- North American cover art for the Xbox 360 version
- Developer: Griptonite Games
- Publisher: THQ
- Producer: Dan Carver
- Designer: Geoffrey Card
- Programmer: David Lawson
- Artist: Jerusha Hardman
- Composer: Laura Karpman
- Platforms: PlayStation 3, Xbox 360, Wii, Nintendo DS
- Release: NA: May 24, 2011; AU: May 28, 2011; EU: June 7, 2011; RU: July 5, 2011;
- Genres: Action-adventure, platform Role-playing (Nintendo DS version)
- Modes: Single-player, multiplayer

= Kung Fu Panda 2 (video game) =

2011 video game

Kung Fu Panda 2 is a 2011 video game developed by Griptonite Games and published by THQ. It is based on the 2011 film of the same name, taking place after the events of the film. The game was released for PlayStation 3, Xbox 360, Wii, and Nintendo DS on May 24, 2011. The Xbox 360 version requires Kinect. The Wii version uses the uDraw GameTablet.

==Plot==

===Kinect version===
Before the game starts, Po (who is now the Dragon Warrior and a Kung Fu master) has a short Kung Fu tutorial with the player, teaching the player some basic moves, like punching and kicking.

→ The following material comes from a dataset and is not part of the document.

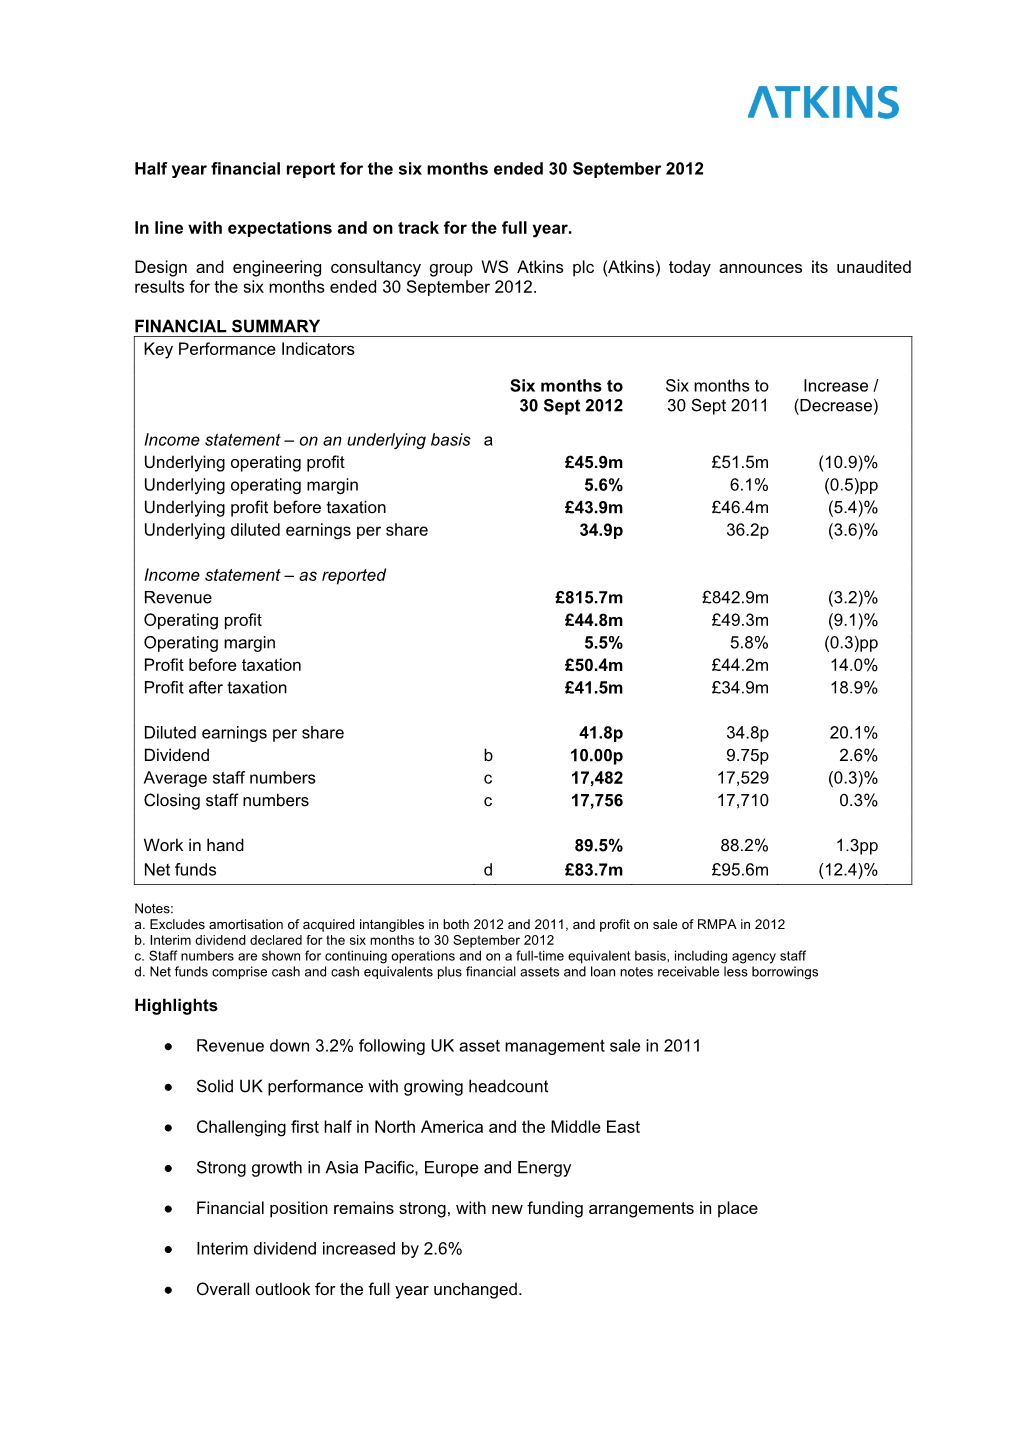 Half Year Financial Report for the Six Months Ended 30 September 2012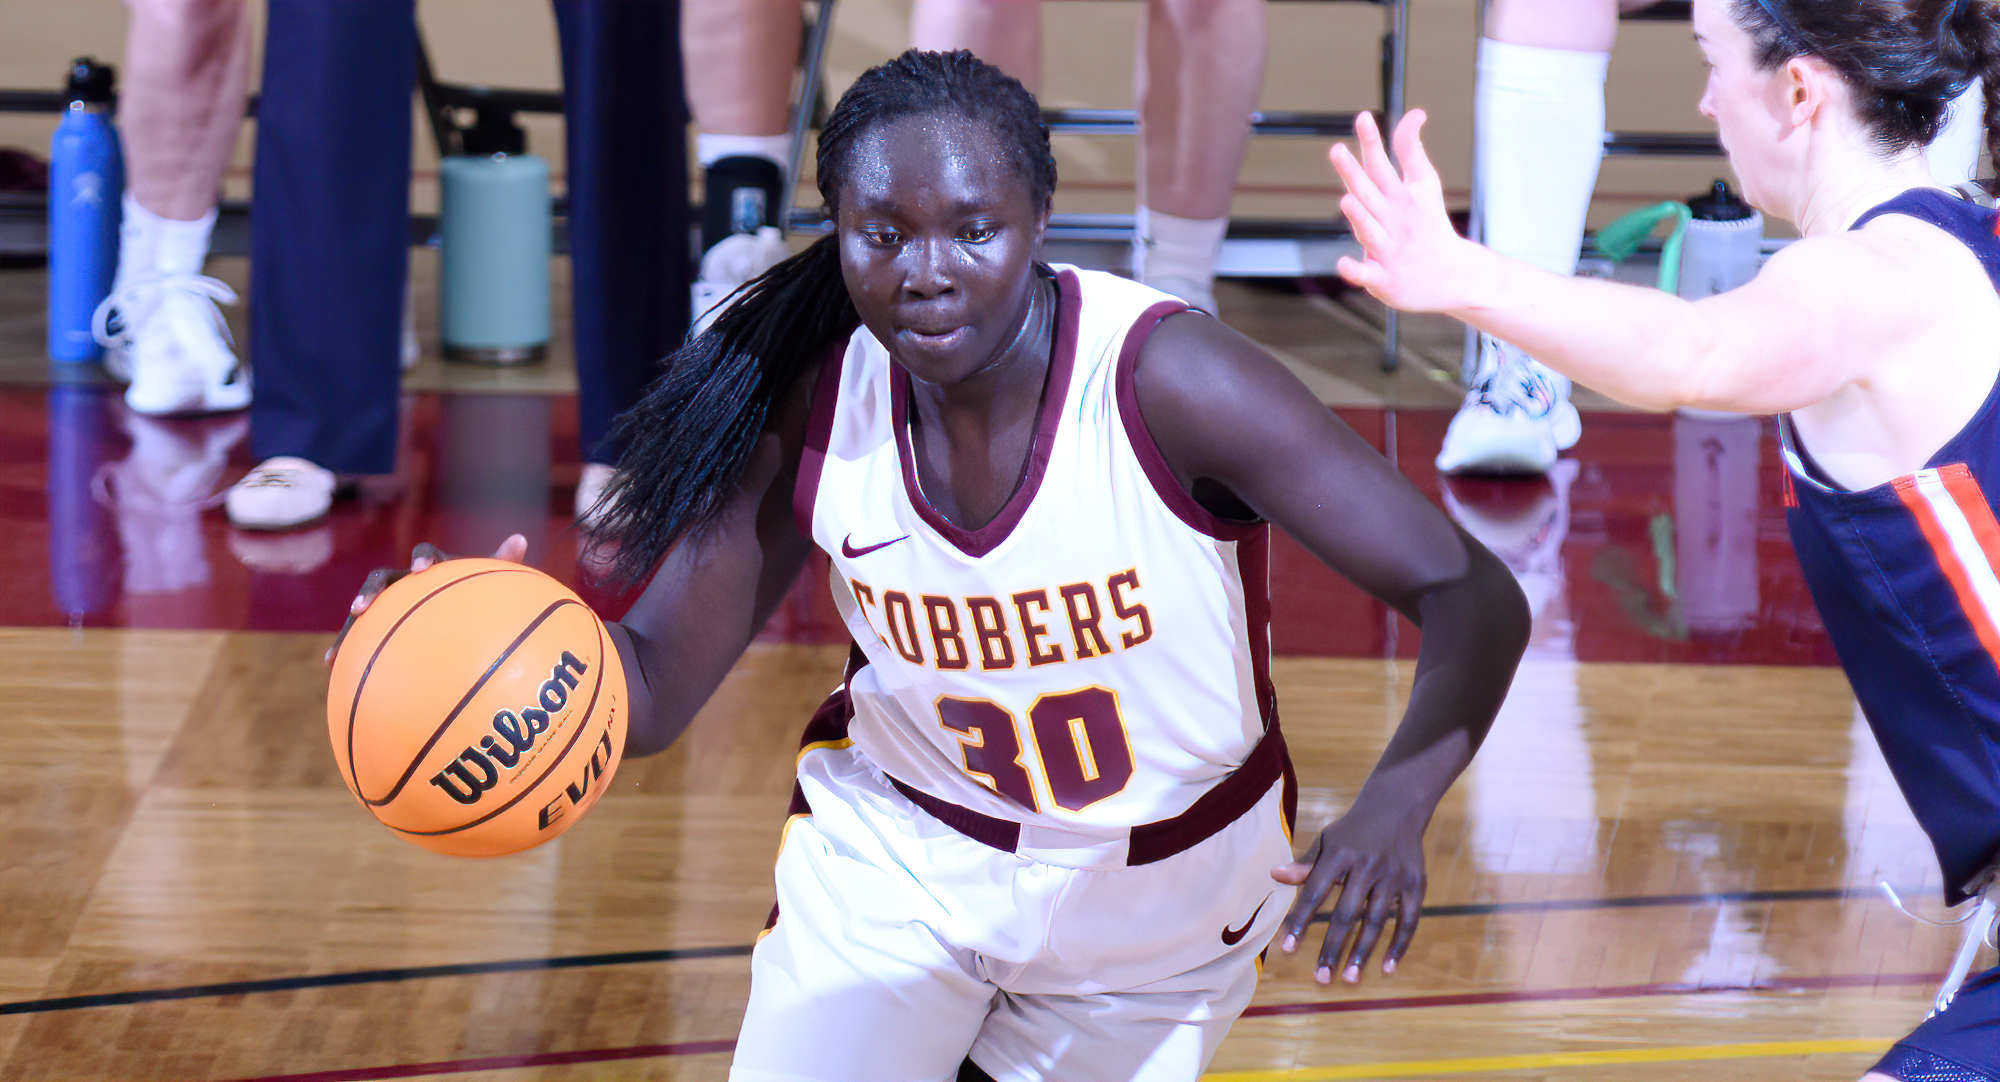 Senior Mary Sem had a team-high 18 points, and also grabbed four rebounds, in the Cobbers' game at Wis.-River Falls.

Then the story of the game starts.

The story of the game happens after the events of the film of the same name. Master Po, the rest of the Furious Five, and the villagers celebrate after defeating Lord Shen, the peacock. However, remnants of Shen's Wolf and gorillas arrive, create chaos, and capture various villagers. Unknown to Po, the Five, and the Villagers, two Komodo dragon mercenaries planned to use Shen's thugs to distract Po and the Five, and with them out of the way, they plan to take over Gongmen City. Shifu holds a meeting with Master Storming Ox and Master Croc.

Master Storming Ox says that they can't let the thugs take over the city, so Shifu, Storming Ox and Croc decide to split up and go around the city to stop the thugs. Po, with nothing to do, decides to tag along with Master Storming Ox, too. Po and Storming Ox have to attack and defeat all the Komodo dragons' minions and Shen's thugs at the same time. They track down the thugs to the Undercity, an underground city, and find Komodo dragons lurking there, and realize that the Komodo dragons were behind this, and get to the place where the Komodo dragons are lurking and fight some of them and continue to fight more and more Komodo dragons, before they fight the final boss.

Throughout the game, there are other short Kung Fu tutorials with Po. However, these tutorials are different from the first, because in the tutorials, there is usually a minion of Shen or the Komodo dragons for Po to fight to show an example for the player.

===PlayStation 3 / Wii version===
The plot of the PlayStation 3 / Wii version is the same as the Kinect version. During the game, all tutorials are excluded. The game skips straight to the start of the story, as the villagers of the Valley of Peace celebrate the defeat of Lord Shen. However, Lord Shen's goons appear and attack the villagers. Unknown to Po and the Five, two Komodo dragons plan to use the goons to distract Po and the Furious Five and take over Gongmen City.

Po runs to tell Master Shifu, Master Storming Ox and Master Croc, who are having a meeting. Po accidentally interrupts them, and tells them about the news. Shifu and the two Masters already know about the news, and have been discussing about it. Master Storming Ox implies that the goons will ruin the spirits of the villagers, and the three Master agree to split up and drive away the thugs, with Shifu going uptown, Ox going North, and Croc going to the Docks to the South. Po, with nothing to do, decides to go with one of the Masters. Unlike the Kinect version, the player can choose which Master to go with.

==Gameplay==

The gameplay styles of Kung Fu Panda 2 differ across game platforms. In the Kinect version, a player's body movements are used to control Po, and the player is able to perform basic kung fu moves, like punches, kicks and blocks. If the player jumps, Po will jump and also double-kick. The player can use these moves to wear out enemies. To finish the enemy, the player can use several kinds of kung fu techniques, such as the flowing form. Because the player can only use body movements to control Po, the player is not able to move around without also moving Po.

In the PlayStation 3 version of the game, the player can move Po around, and can use moves similar to the game based on the original film to defeat enemies.

==Reception==
Unlike the first game, Kung Fu Panda 2 received generally mixed to negative reviews from critics. Metacritic calculated a score of 50 out of 100 for the Xbox 360 version based on 18 reviews. The DS version was received a little better, scoring a rating of 59. The game fared worse with a rating of 31/100 for the PS3 version from 7 critics. On GameSpot, the game received a poorer rating, receiving only 3.5 out of 10 points. The game received a slightly more positive score on IGN, receiving 6.5 out of 10 points. However, IGN gave the PlayStation 3 version of the game a low score, giving it only 3.5 points. Play also gave the game a 20%.